Once you find the line below that has "Treatment of Labial", output it and every line after it exactly, stopping after the line that has "Groovy Kid's Baseball", with no pictures.

(WORKING DATA):
= = = = = = =

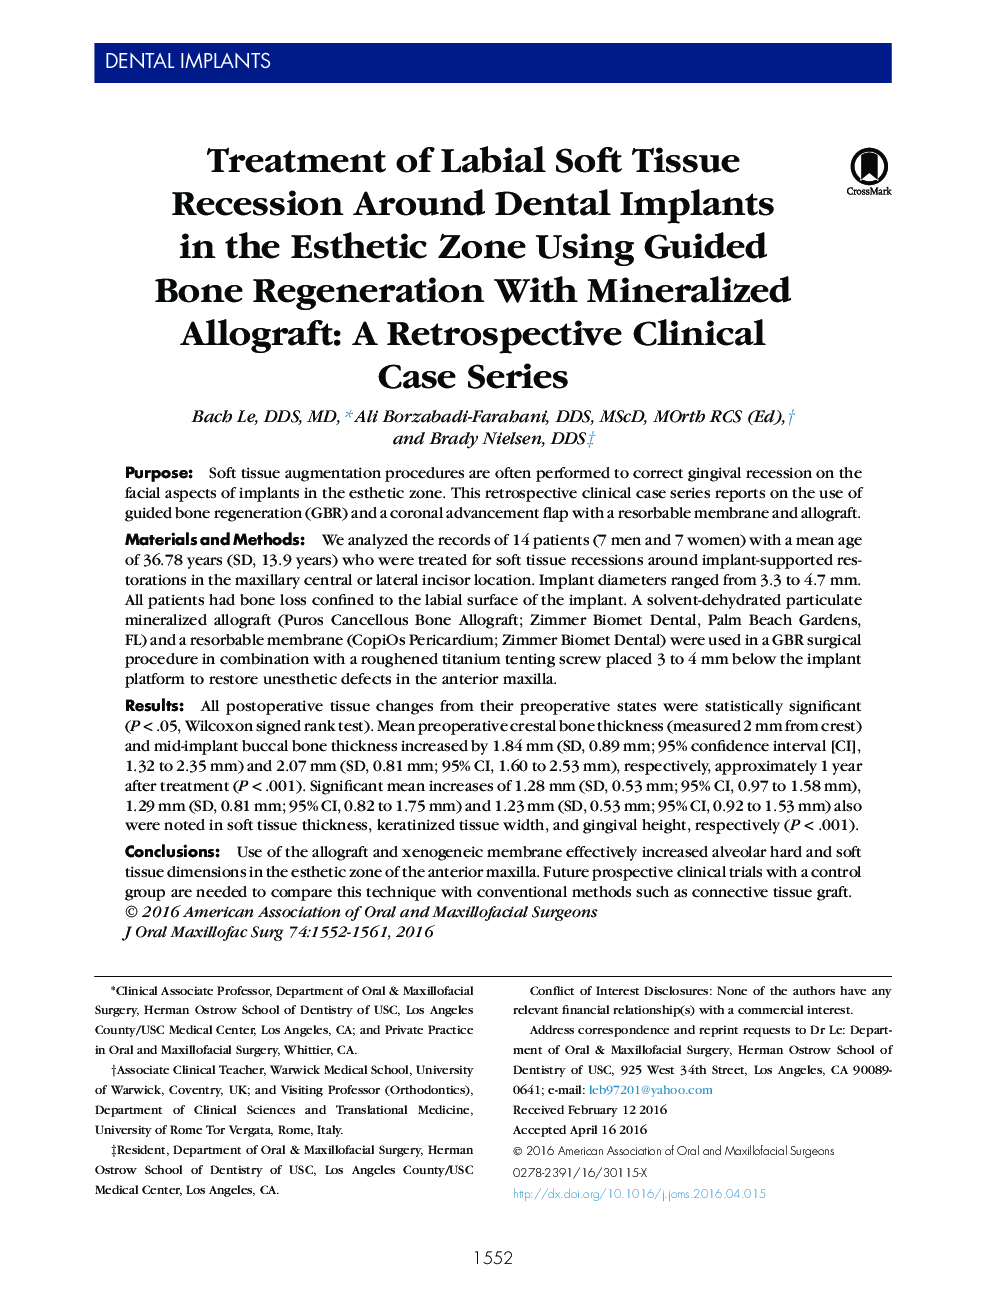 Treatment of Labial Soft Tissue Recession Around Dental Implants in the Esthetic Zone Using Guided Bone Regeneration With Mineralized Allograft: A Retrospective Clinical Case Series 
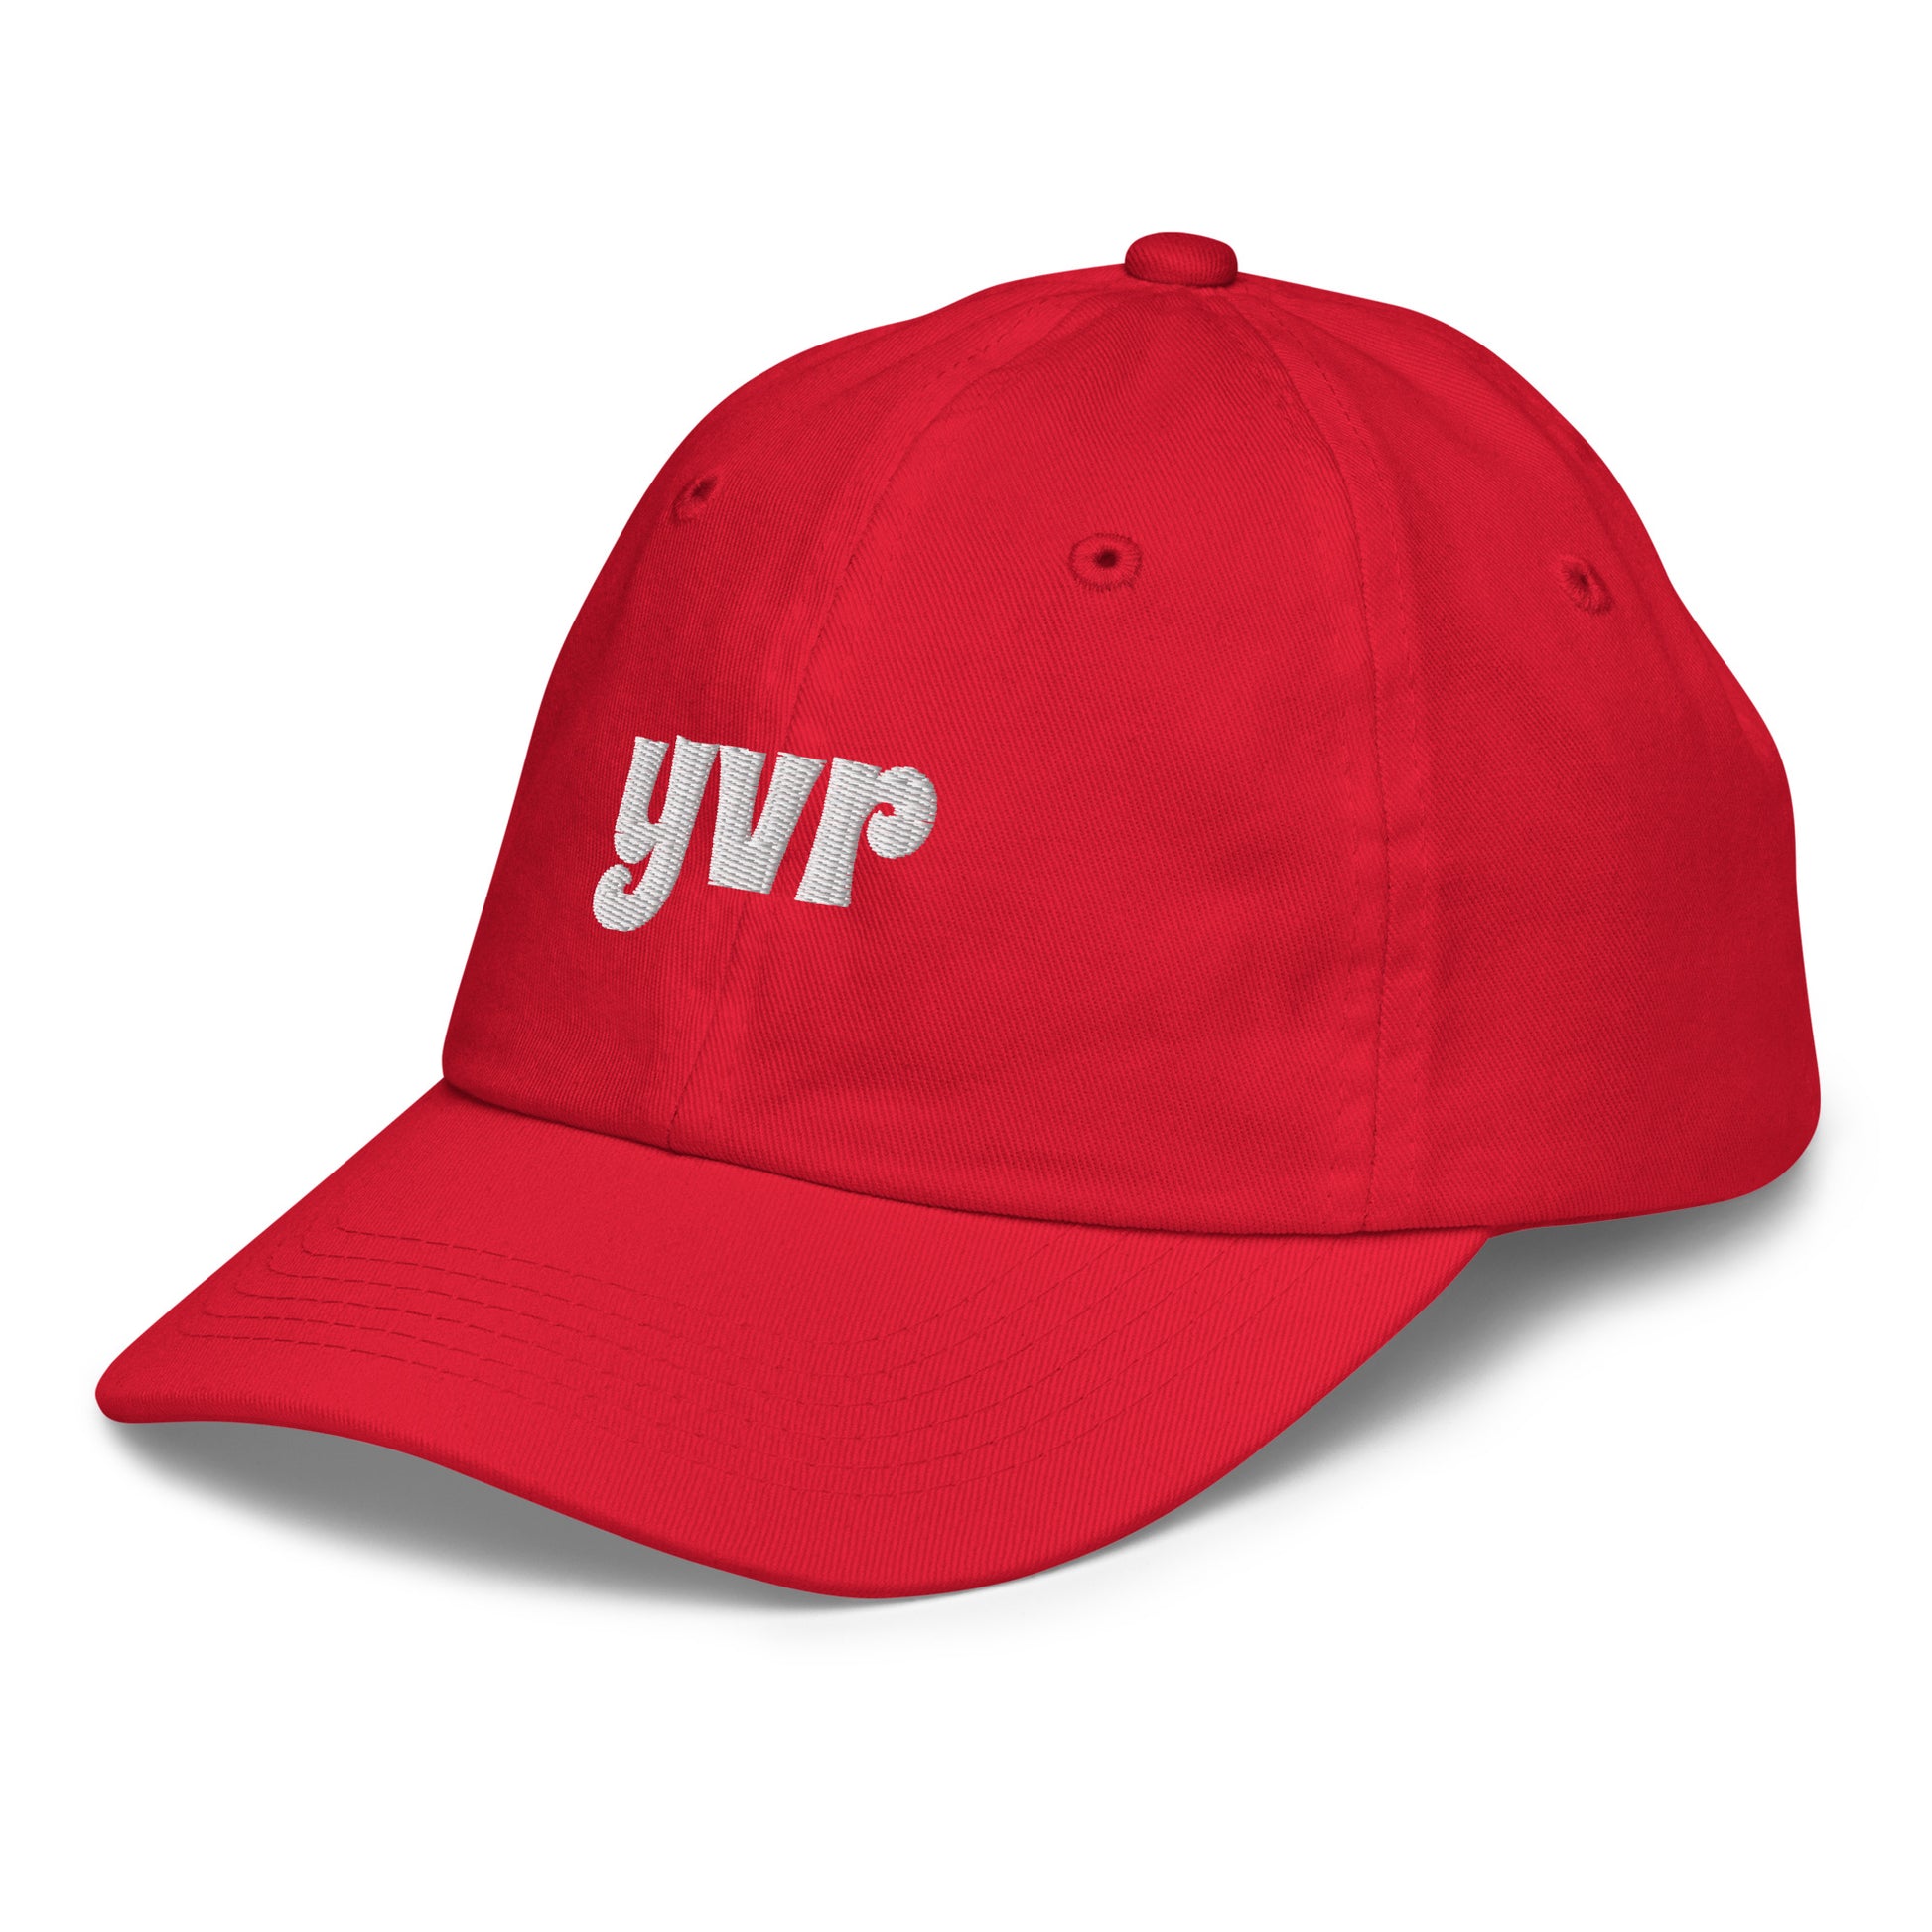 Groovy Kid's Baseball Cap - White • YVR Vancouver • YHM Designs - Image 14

= = = = = = =

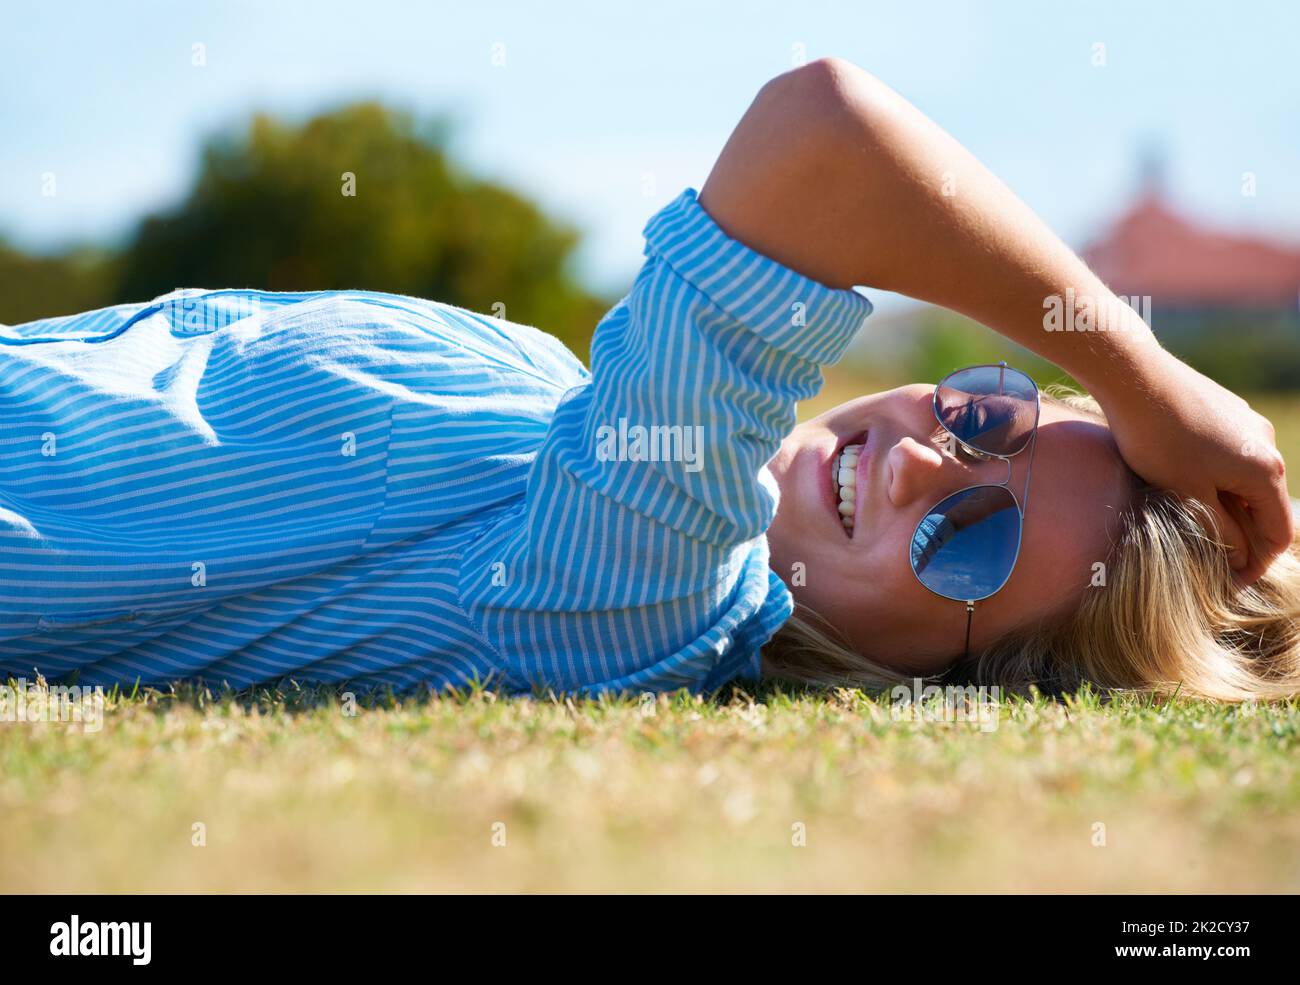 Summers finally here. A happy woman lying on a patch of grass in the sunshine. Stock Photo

= = = = = = =

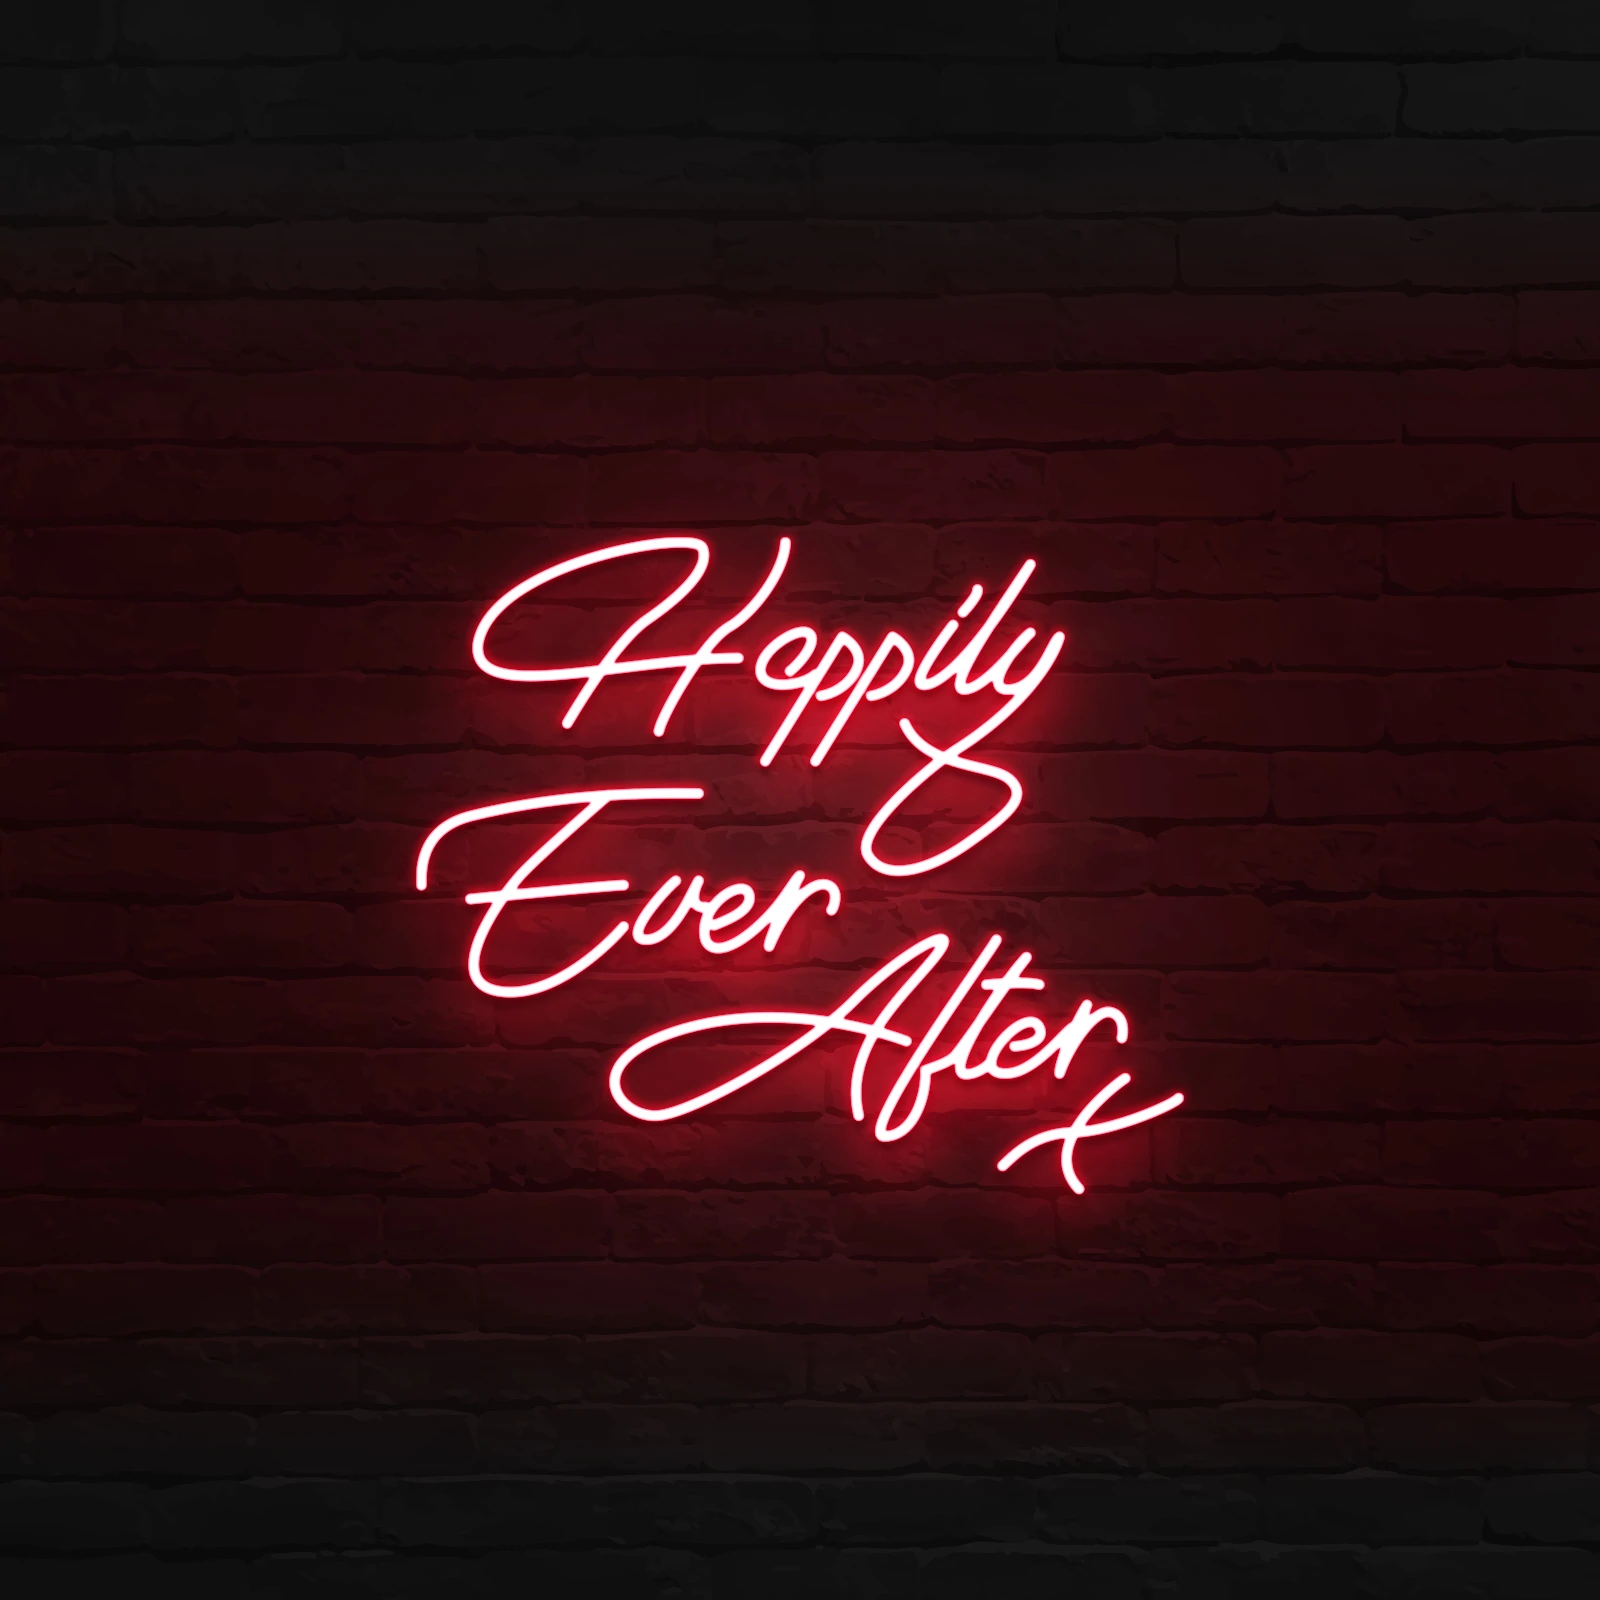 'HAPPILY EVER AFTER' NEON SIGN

= = = = = = =

(RESPONSE TO THIS EXERCISE):
 Treatment of Labial Soft Tissue Recession Around Dental Implants in the Esthetic Zone Using Guided Bone Regeneration With Mineralized Allograft: A Retrospective Clinical Case Series 
 Groovy Kid's Baseball Cap - White • YVR Vancouver • YHM Designs - Image 14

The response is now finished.